The Supremes handed down their decision in McDonald v. Chicago today. This case follows D.C. v. Heller, in which the Supreme Court held a city ordinance banning the possession of firearms violated the right to keep and bear arms expressed in the Second Amendment to the Constitution. The Heller decision was limited, though, in that it only dealt with a firearms ban that was in place under Federal government authority, since it dealt with the District of Columbia.
Once the Heller decision was filed, a number of challenges to various ordinances limiting or banning firearms were made. The Second Circuit Court of Appeals, in a decision signed by now-Justice Sotomayor, held that the Second Amendment did not apply to the states. The Ninth Circuit, in a decision which has been referred for en banc review (which is on hold pending the word from the Supremes in McDonald), held that the Second Amendment did apply to the states, as it dealt with a fundamental right (I talked about it here).
Right now, the decision only appears to be available as a 214 page pdf. So, most importantly, the Supreme Court has ruled that the Second Amendment does prohibit state and local governments from restricting the right to keep and bear arms (too much). The decision is 5-4, with the Opinion of the Court written by Justice Alito and Justice Thomas concurring in part and concurring in the judgment. Justice Stevens dissented (no surprise) and Justice Breyer dissented, joined by Justices Ginsburg and Sotomayor (not really a surprise, either). Lots of meat there, lots to read. I'm sure scholars of Con law are working on analyses right now. In the meantime, the Sullivan Act's progeny are going to cost lots of cities and towns lots of money.
For further reading, but less than the 214 pages of the McDonald decision, Wikipedia has a pretty comprehensive article on the Second Amendment and Court decisions which I'm sure someone is updating right now.
Well, having read the opinion of the Court, the concurrences, and one dissent, I'll add a couple of things.

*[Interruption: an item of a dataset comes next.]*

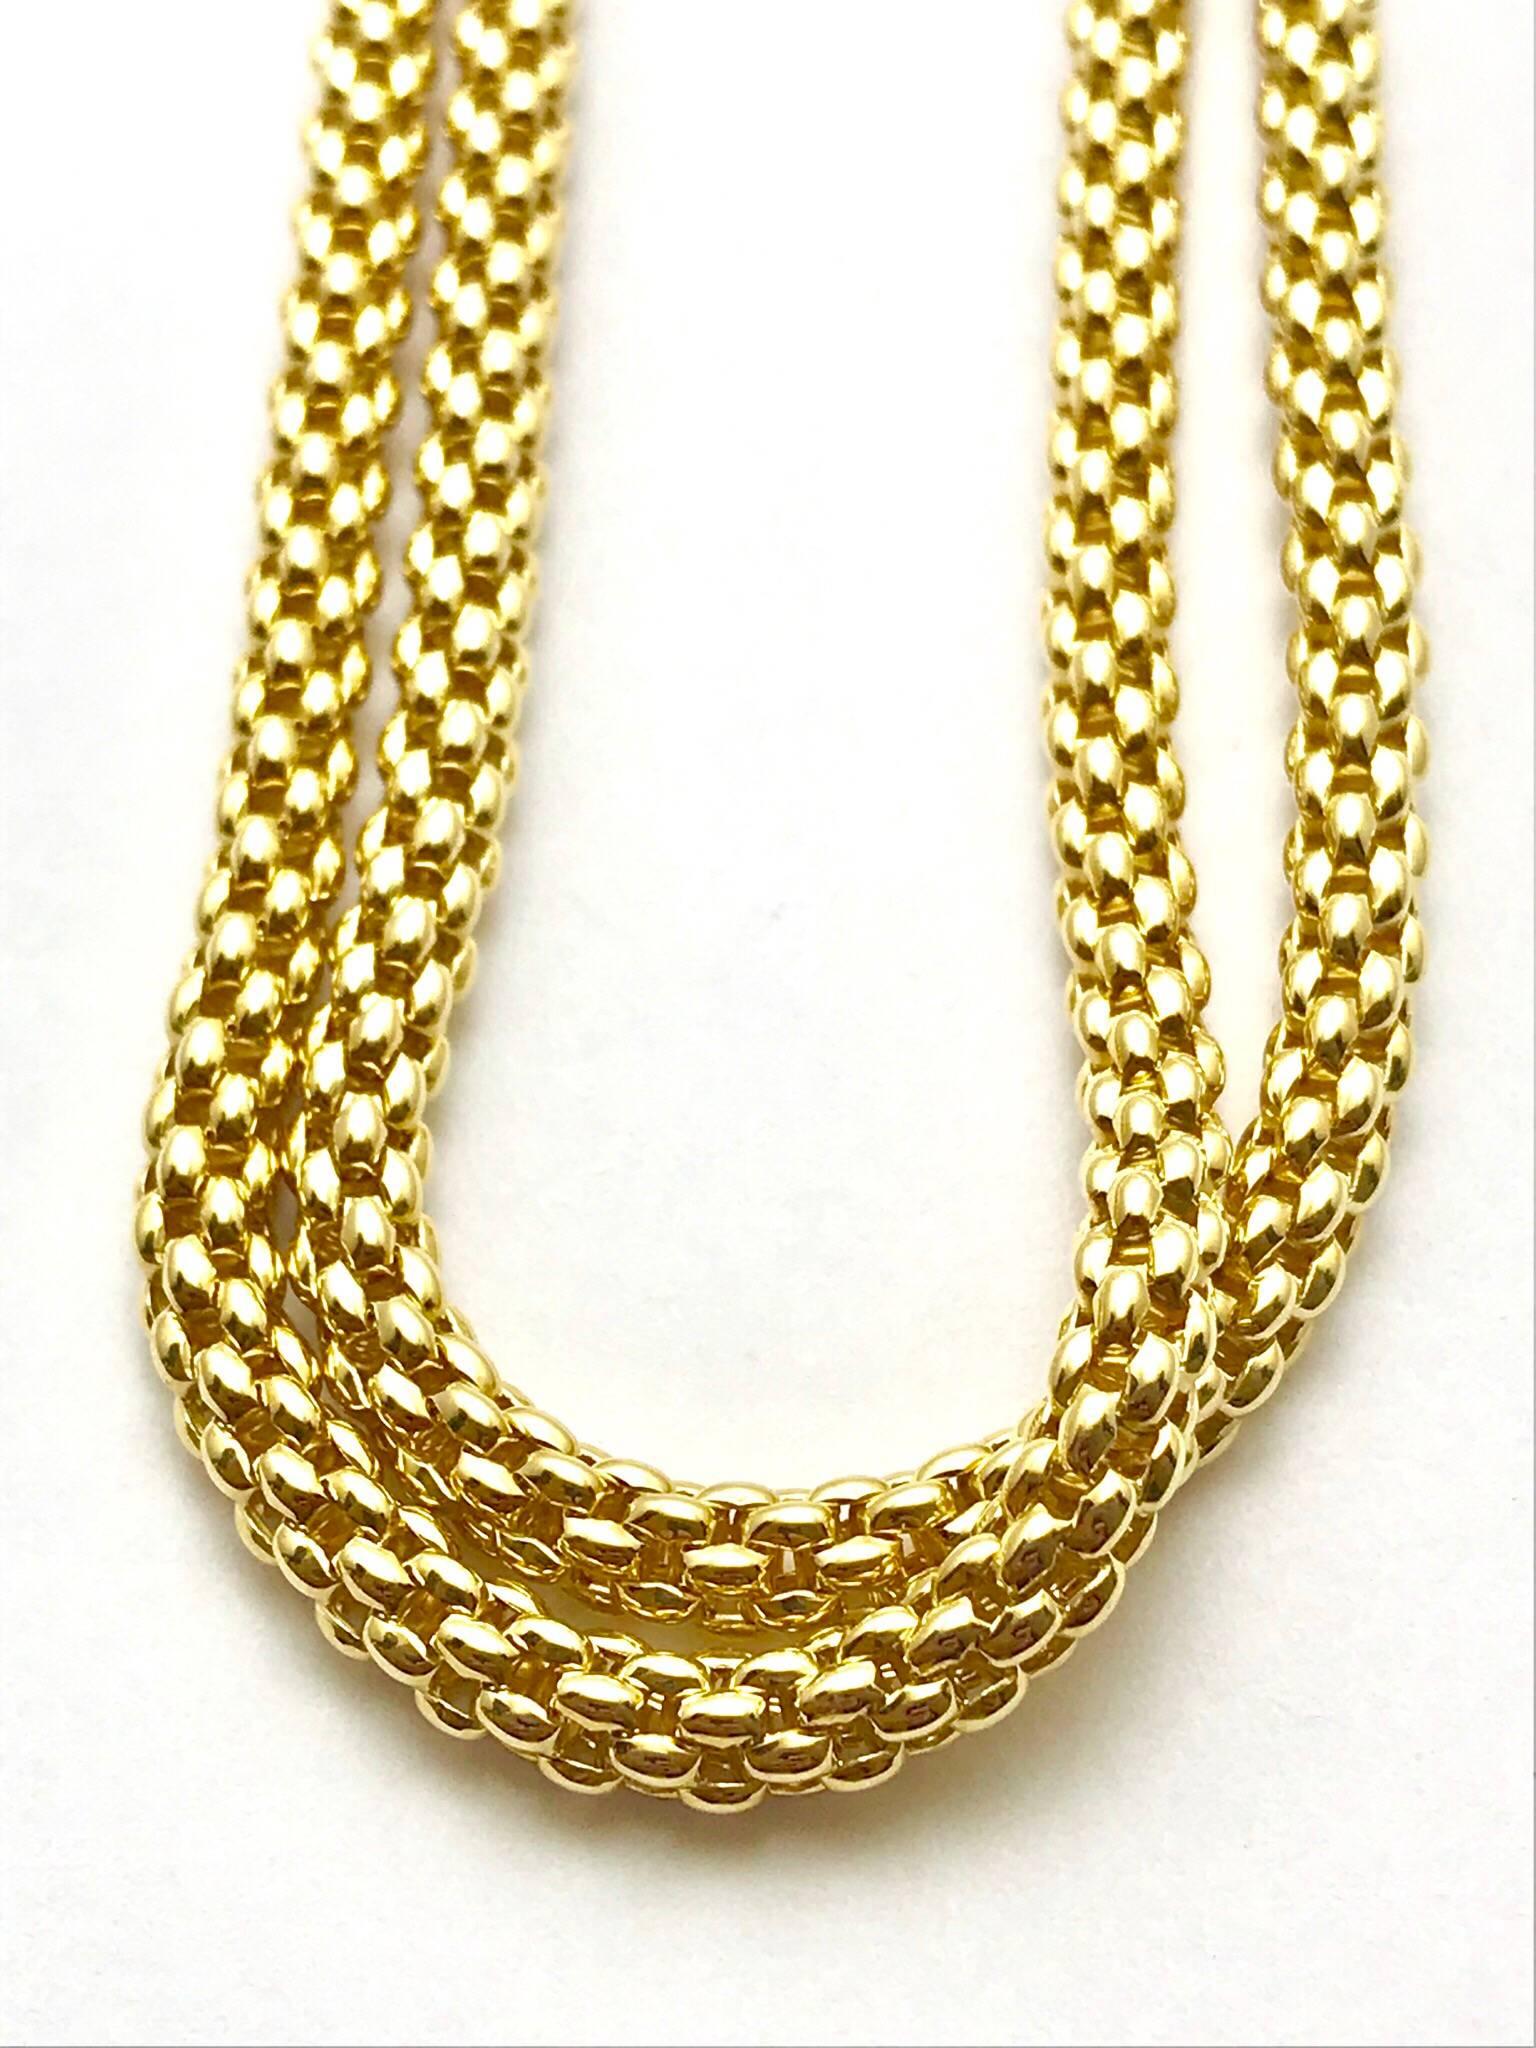 Fope Vendome 39.00 inch 18 karat woven yellow gold Italian made necklace.  Each individual link is slightly curved, creating an ultra soft feel.  The necklace can easily be worn long or doubled up.  This necklace also nests with a rose and white

First, there is a fair bit in here for attorneys who will argue as to the continuing validity of various restrictions on firearm ownership. On page 26 of the Slip Opinion, the Court cites to language from Heller describing handguns as being protected as they are the weapon of choice for self defense. On page 39, the Court describes the "central holding" of the Heller decision as "...the Second Amendment protects a personal right to keep and bear arms for lawful purposes, most notably for self-defense within the home." I predict this language will be cited in response to any argument that restrictions on automatic weapons, any long guns (including short barreled shotguns), nunchucks, switchblades, or suppressed firearms is unconstitutional. As the Supreme Court has held that the right preceding and underlying the Second Amendment is that of self-defense, only "undue" restrictions on weapons that are both "preferred" (which, likely, will mean in common use today) and "suitable" (which, likely, will mean whatever a given judge decides) for self defense will be overturned. Want a Remington 1100 chopped off right in front of the gas port and loaded with buckshot to protect the homestead? Don't hold your breath. This conclusion is reinforced by the plurality's admonition (p. 45) that it is important to keep in mind that Heller held a right to keep and bear arms is not "a right to keep and carry any weapon whatsoever in any manner whatsoever and for whatever purpose".
Second, and very good news, is that the Opinion of the Court makes it pretty clear that Justice Breyer's repeated calls for an "interest balancing test" to decide whether given statutes infringe the right to keep and bear arms is, for now, not going to become law. The plurality twice notes, at page 45 of the Slip Op. and again on page 50, that it explicitly rejects such a test and that the majority in Heller did so as well. Combined, that's precedent. Also, the majority characterizes the Second Amendment right as "fundamental". The Seventh Circuit had held in this case that Chicago's handgun ban had a rational basis to a legitimate state interest. The "rational basis" test is less demanding than an "interest balancing" test rejected here. I believe this will only leave lower courts with "strict scrutiny" at the test for evaluating firearms restrictions. So, those restrictions will have to be narrowly tailored to accomplish a compelling governmental interest and must, in addition, be the least restrictive means of accomplishing that interest. While this is good news, you have to keep in mind that the limitations inherent in the right being protected as described just above. Great news for the folks in DC still trying to get handguns in the face of persistent foot dragging by the city government, though.
Justice Scalia's concurrance is a fairly vituperative calling out of Justice Stevens' dissent and political philosophy, I'd speculate that the tone would be a little different if Stevens was staying on the bench. Interesting read, depending upon your definition of interesting.
P. 67 of the Slip Op.- Justice Thomas' dissent- A great (from an originalist perspective) treatise on the doctrines of selective incorporation, the Privileges and Immunities Clause of the 14th Amendment, and the 14th Amendment in general. Most legal textbooks are less informative. Personally, I think his argument that the Second Amendment applies against the states due to the Privileges and Immunities clause is logically and legally unassailable, despite the hundred and thirty years of (bad) decisions stemming from the Slaughterhouse Cases (which are a fine example of authority justifying its conclusion by tautology) and Cruikshank.